Van Buren returned to the telephone room, and at approximately 12:49 a.m., he made a long-distance phone call to his father in Willmar, Minnesota. Officer Thelen overheard Van Buren talking in a social manner and went into the telephone room to tell him that “if he was not speaking to an attorney, he needed to hang up the phone.” Van Buren hung up, and Officer Thelen then told him that he had to decide whether to submit to testing. Van Buren did not tell Officer Thelen whom he was talking to, nor did he tell her that he was done using the telephone. Instead, Van Buren agreed to take the test and did not make any additional phone calls.

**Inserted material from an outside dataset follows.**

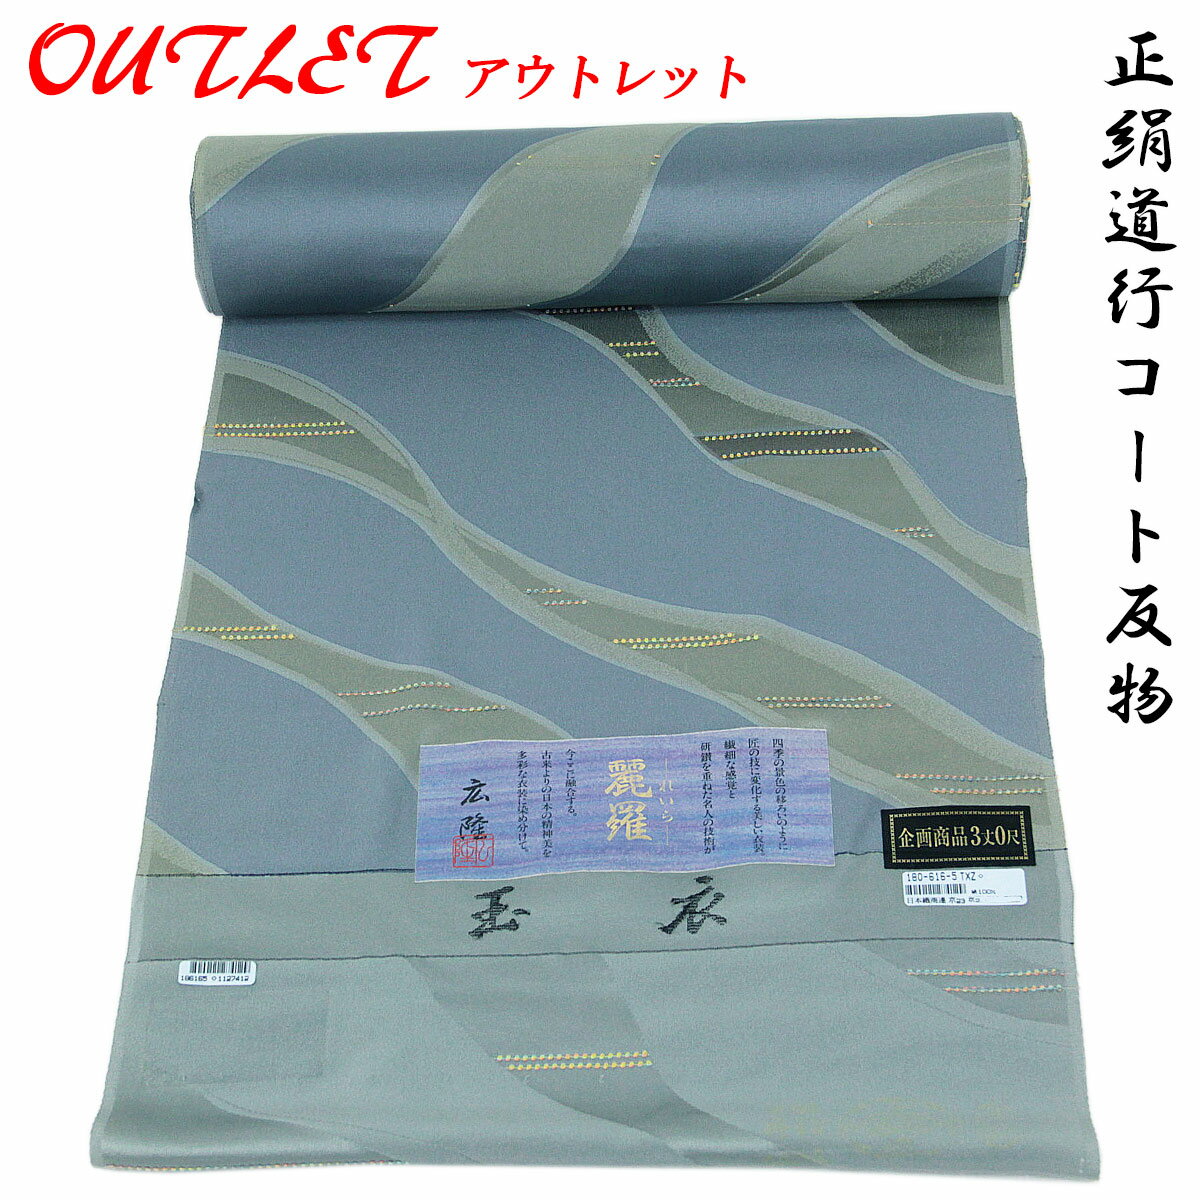 【訳あり】 道行コート 羽尺 反物 -6- 麗羅 京友禅 縫い取りちりめん 絹100% 藍鼠
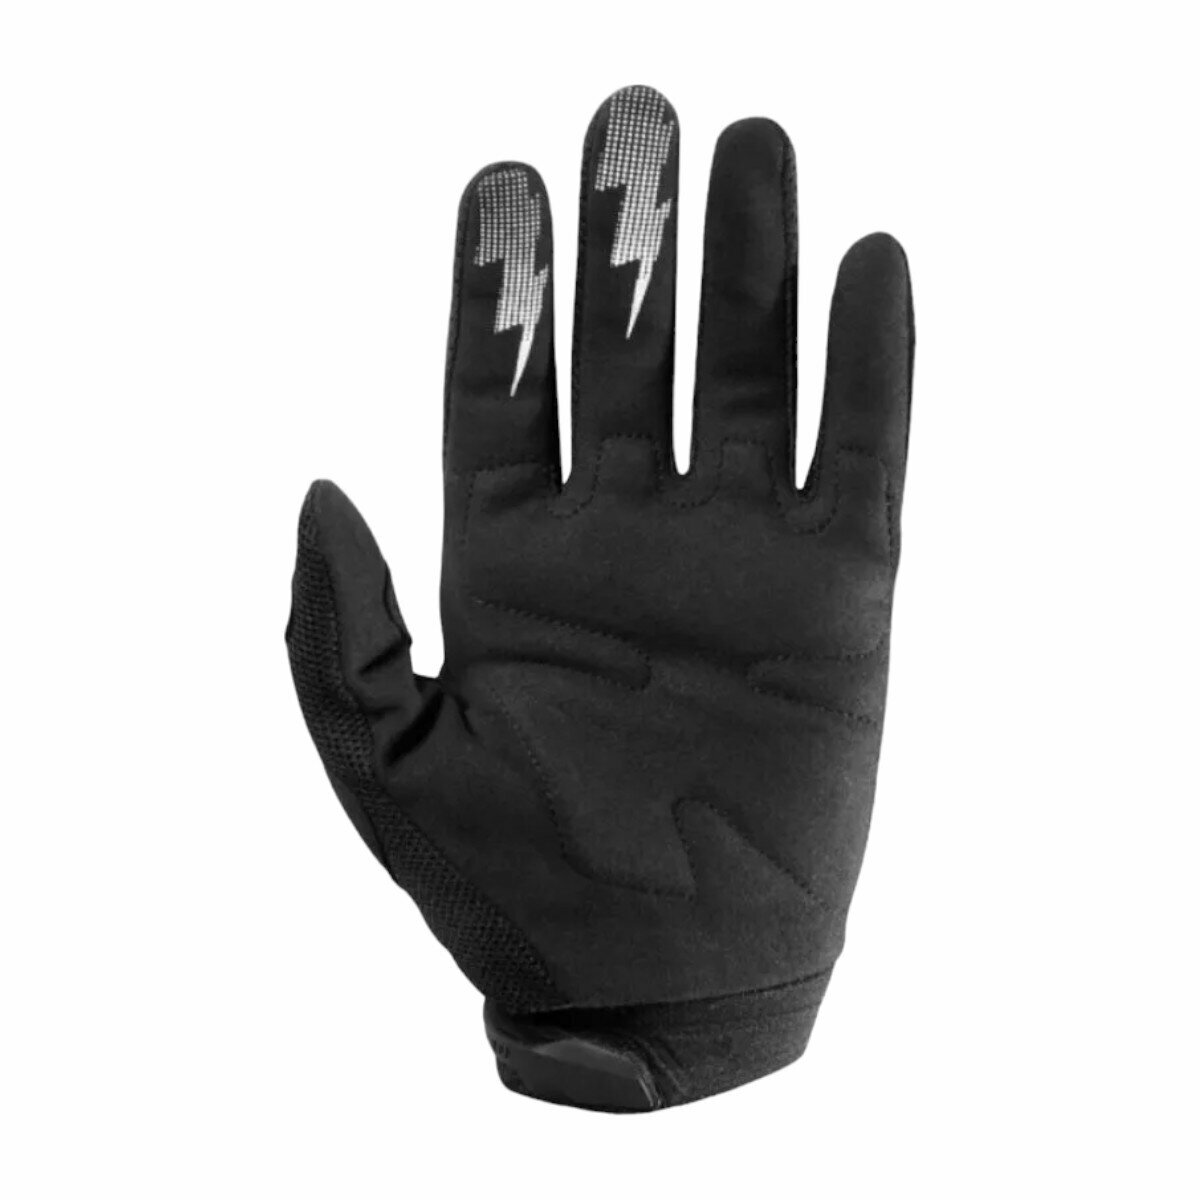 Мотоперчатки перчатки текстильные FOX NFG-11 спортивные для мотокросса кросса мотоциклиста на кроссовый мотоцикл питбайк эндуро, черные, L

At the implied-consent hearing, Officer Thelen testified that Van Buren was allowed 23 minutes to use the telephone. Van Buren testified that he called his father to get the phone number of an attorney, but he admitted that he did not tell Officer Thelen why he was calling his father. The district court concluded that Van Buren’s right to counsel was vindicated and sustained the commissioner’s order of revocation.
Van Buren argues that his right to counsel was not vindicated because (1) he had only 23 minutes to contact and attorney; and (2) his phone call to his father to obtain the name and phone number of an attorney was interrupted before he could obtain such information.
The determination of whether a driver’s right to counsel was vindicated is a mixed question of law and fact. Kuhn v. Comm’r of Pub. Safety, 488 N.W.2d 838, 840 (Minn. App. 1992), review denied (Minn. Oct. 20, 1992). Once the facts are established, this court makes a legal determination as to whether the defendant “was accorded a reasonable opportunity to consult with counsel based on the given facts.” Id.
Drivers have a right to counsel prior to deciding if they wish to submit to alcohol testing under the implied consent law. Friedman v. Comm’r of Pub. Safety, 473 N.W.2d 828, 835 (Minn. 1991). The right to counsel is a limited right because of the evanescent nature of the evidence in DWI cases. Kuhn, 488 N.W.2d at 840. A police officer must inform the driver of the right to counsel and must also assist in vindicating the right. Gergen v. Comm’r of Pub. Safety, 548 N.W.2d 307, 309 (Minn. App. 1996), review denied (Minn. Aug. 6, 1996).
Whether a driver’s right to counsel is vindicated depends on the totality of the circumstances. Parsons v. Comm’r of Pub. Safety, 488 N.W.2d 500, 502 (Minn. App. 1992).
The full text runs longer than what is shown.